* WORK TO BE COMPLETED
Exactly as written, return all the data, leaving its pictures behind.

* DATA

════════

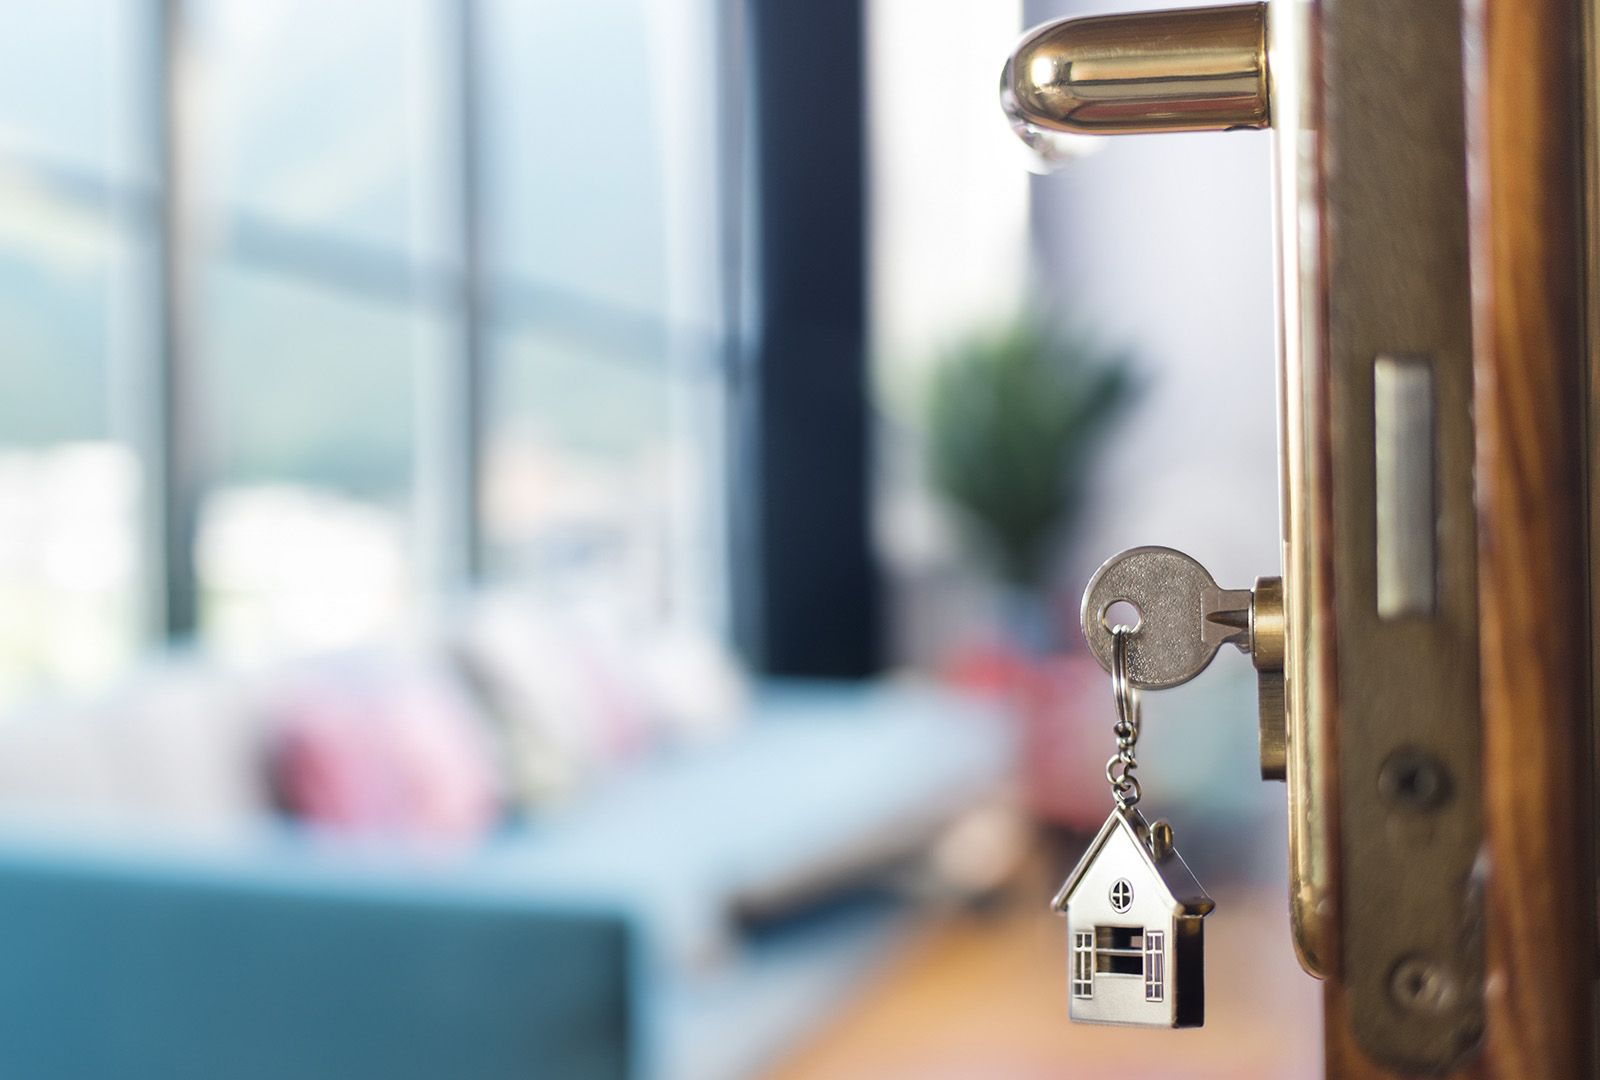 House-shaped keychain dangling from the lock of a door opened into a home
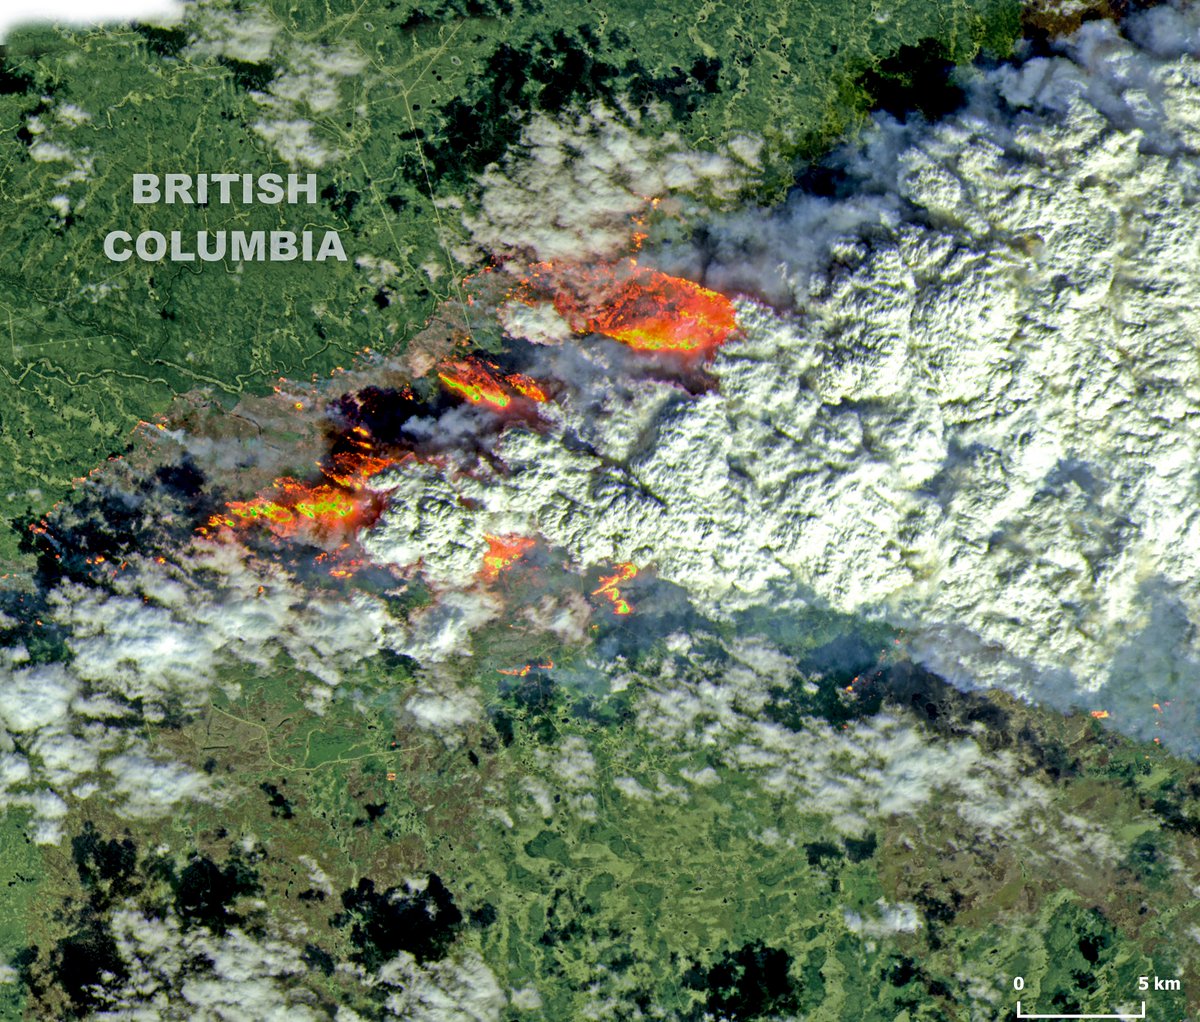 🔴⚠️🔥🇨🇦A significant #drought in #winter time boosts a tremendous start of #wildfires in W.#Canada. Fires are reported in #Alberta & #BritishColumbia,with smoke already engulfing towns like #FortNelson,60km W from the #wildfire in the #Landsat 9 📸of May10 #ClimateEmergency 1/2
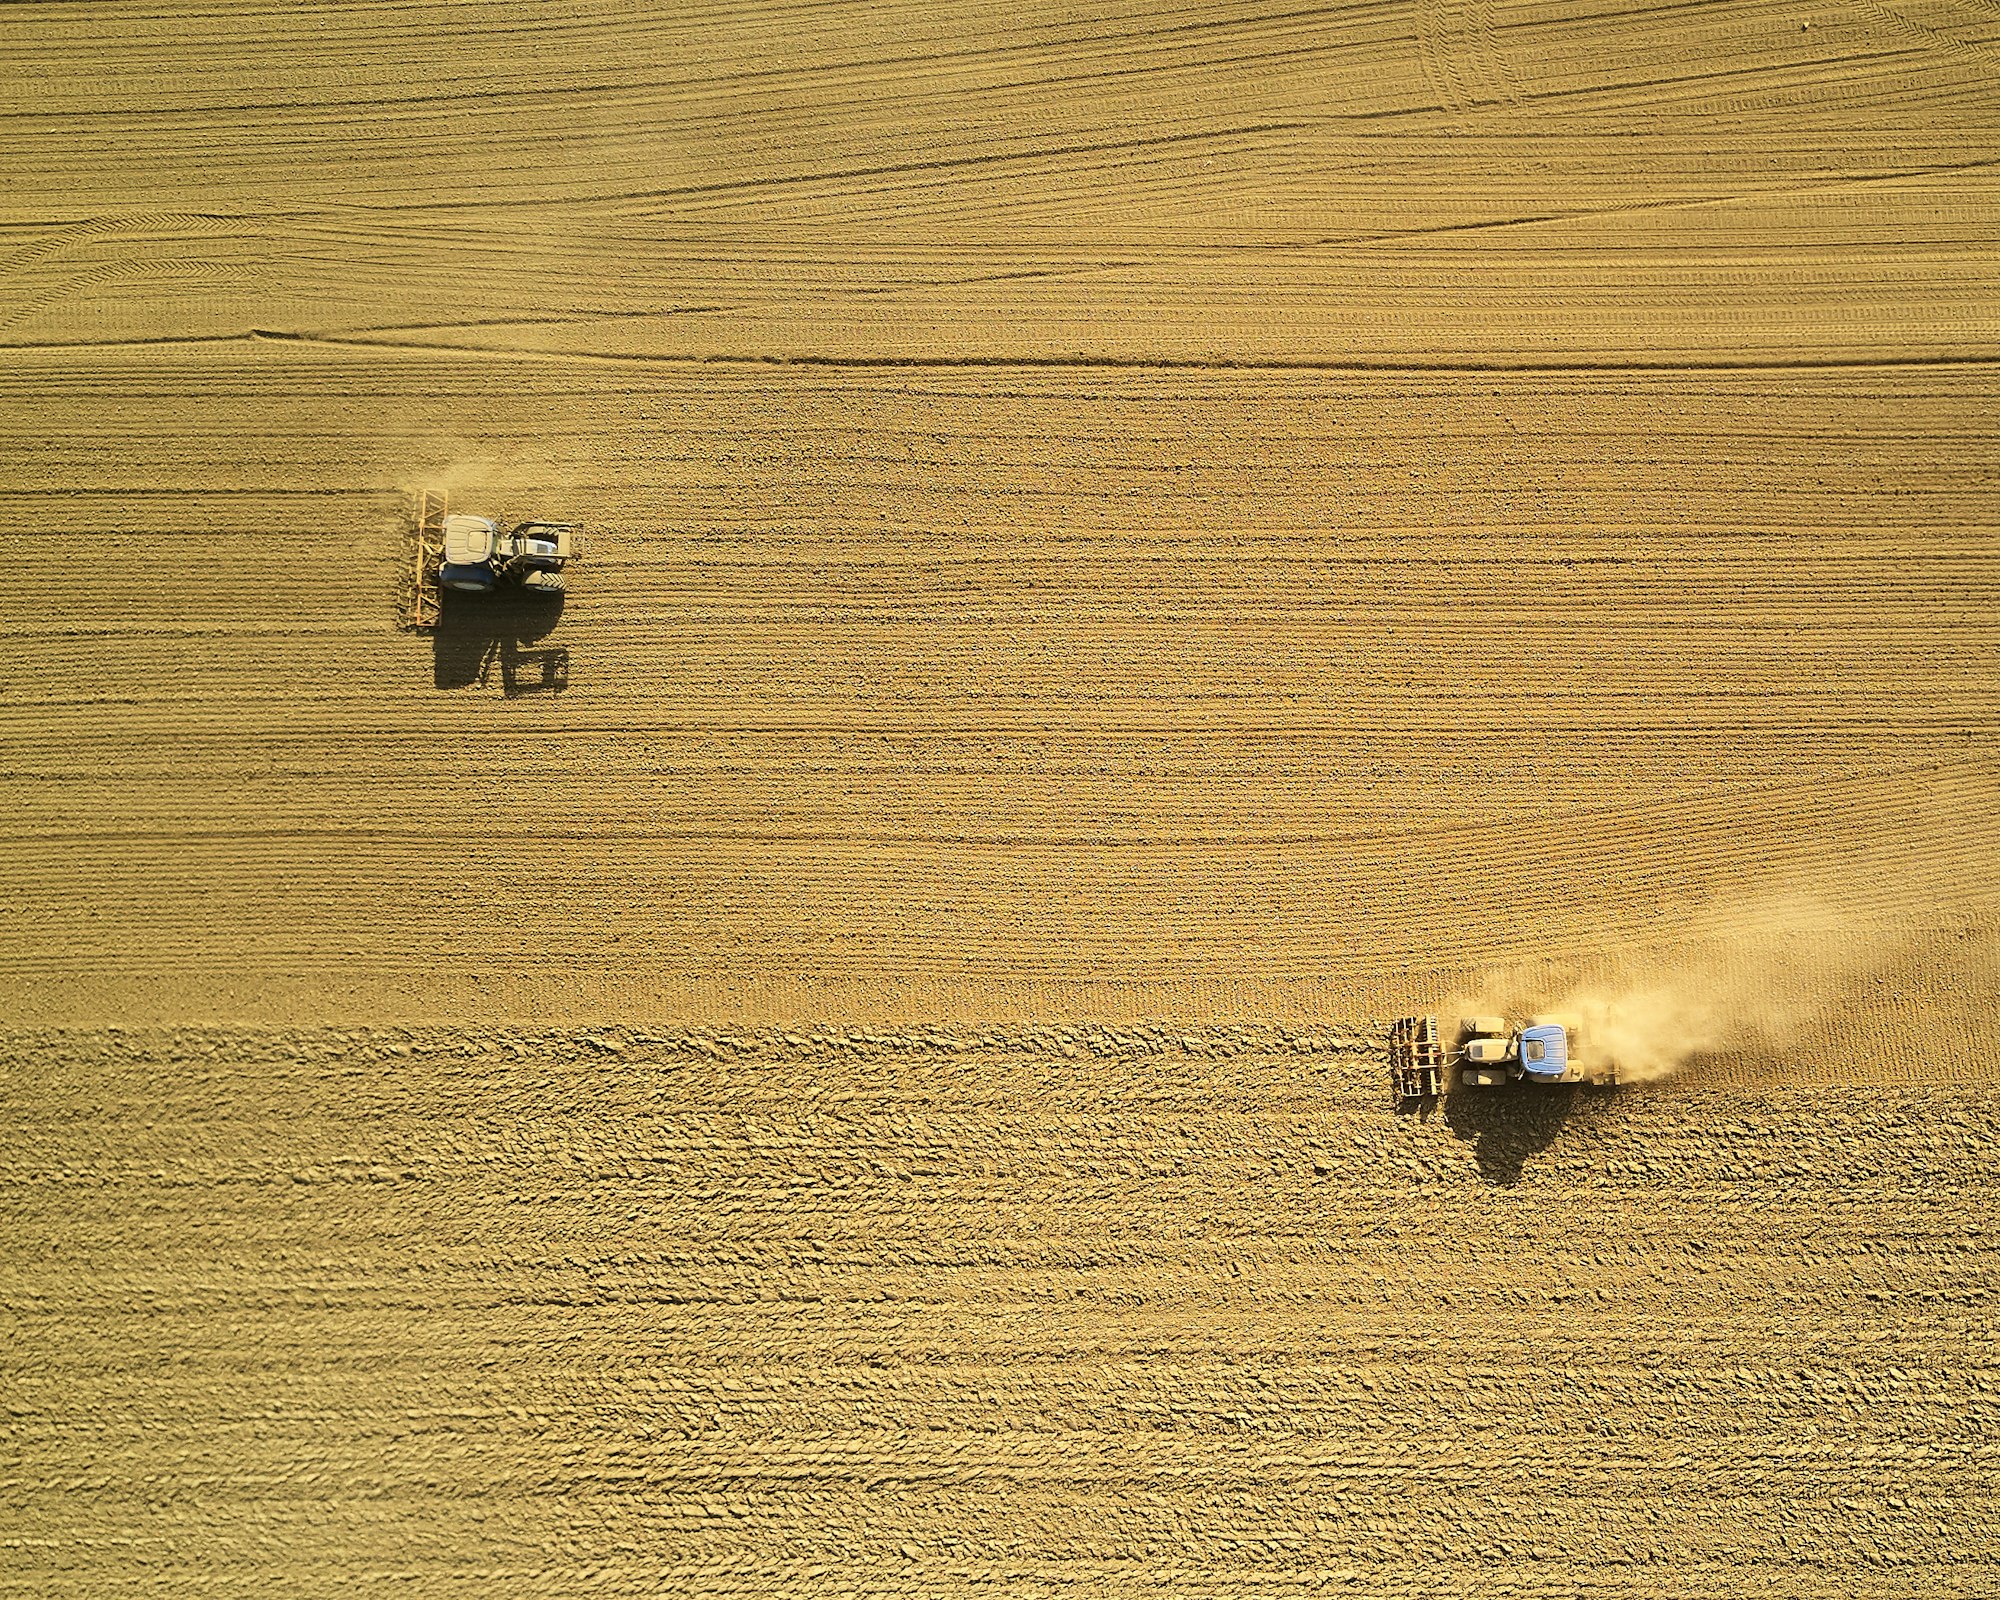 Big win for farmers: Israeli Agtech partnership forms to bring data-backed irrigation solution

════════

* RESPONSE FOR THIS EXERCISE
 House-shaped keychain dangling from the lock of a door opened into a home
 🔴⚠️🔥🇨🇦A significant #drought in #winter time boosts a tremendous start of #wildfires in W.#Canada. Fires are reported in #Alberta & #BritishColumbia,with smoke already engulfing towns like #FortNelson,60km W from the #wildfire in the #Landsat 9 📸of May10 #ClimateEmergency 1/2
 Big win for farmers: Israeli Agtech partnership forms to bring data-backed irrigation solution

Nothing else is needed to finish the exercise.